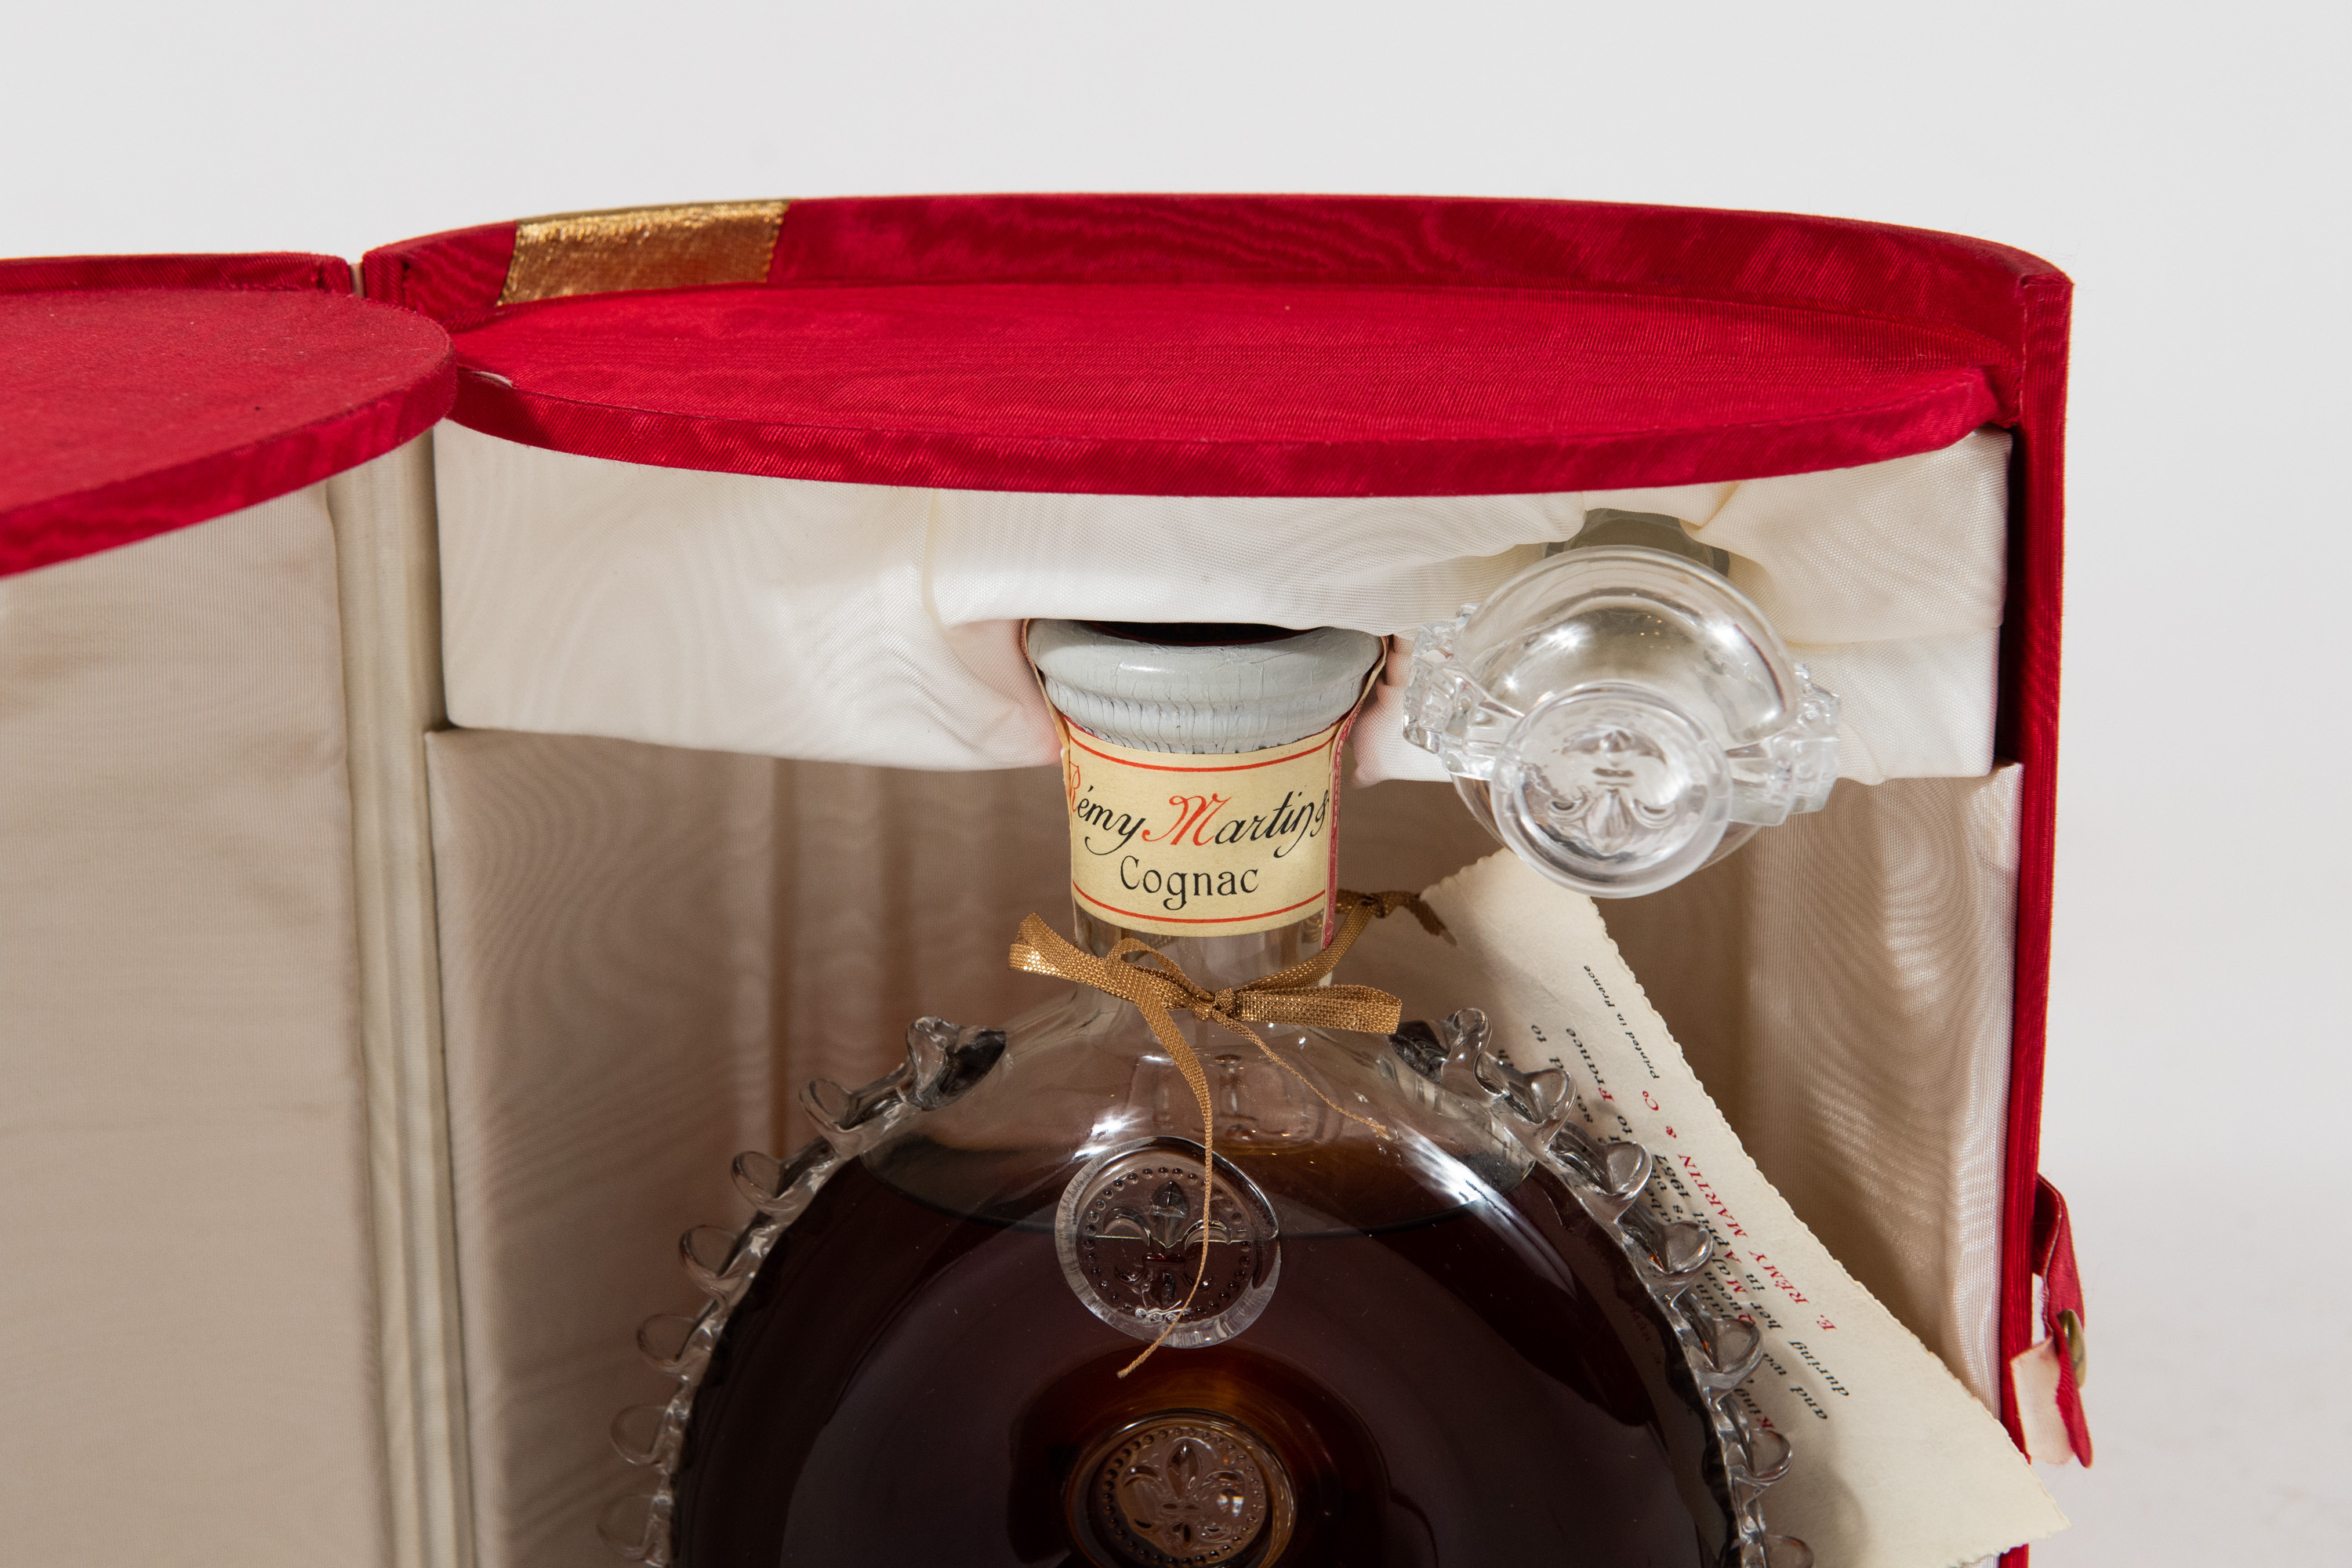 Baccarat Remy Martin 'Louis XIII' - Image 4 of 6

========

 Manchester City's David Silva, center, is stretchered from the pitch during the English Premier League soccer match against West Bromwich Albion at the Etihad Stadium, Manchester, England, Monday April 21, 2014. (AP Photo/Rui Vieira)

========

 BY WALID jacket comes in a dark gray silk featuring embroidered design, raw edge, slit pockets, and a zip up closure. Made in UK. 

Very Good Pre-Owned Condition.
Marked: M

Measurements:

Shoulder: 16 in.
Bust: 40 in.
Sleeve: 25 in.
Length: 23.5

========

• **Instructions for the task**
Your answer should be the lines of the listing above between the line holding "Very Good Pre-Owned Condition." and the line holding "Length: 23.5", inclusive, restated word for word and alone.

• **Answer box**
Very Good Pre-Owned Condition.
Marked: M

Measurements:

Shoulder: 16 in.
Bust: 40 in.
Sleeve: 25 in.
Length: 23.5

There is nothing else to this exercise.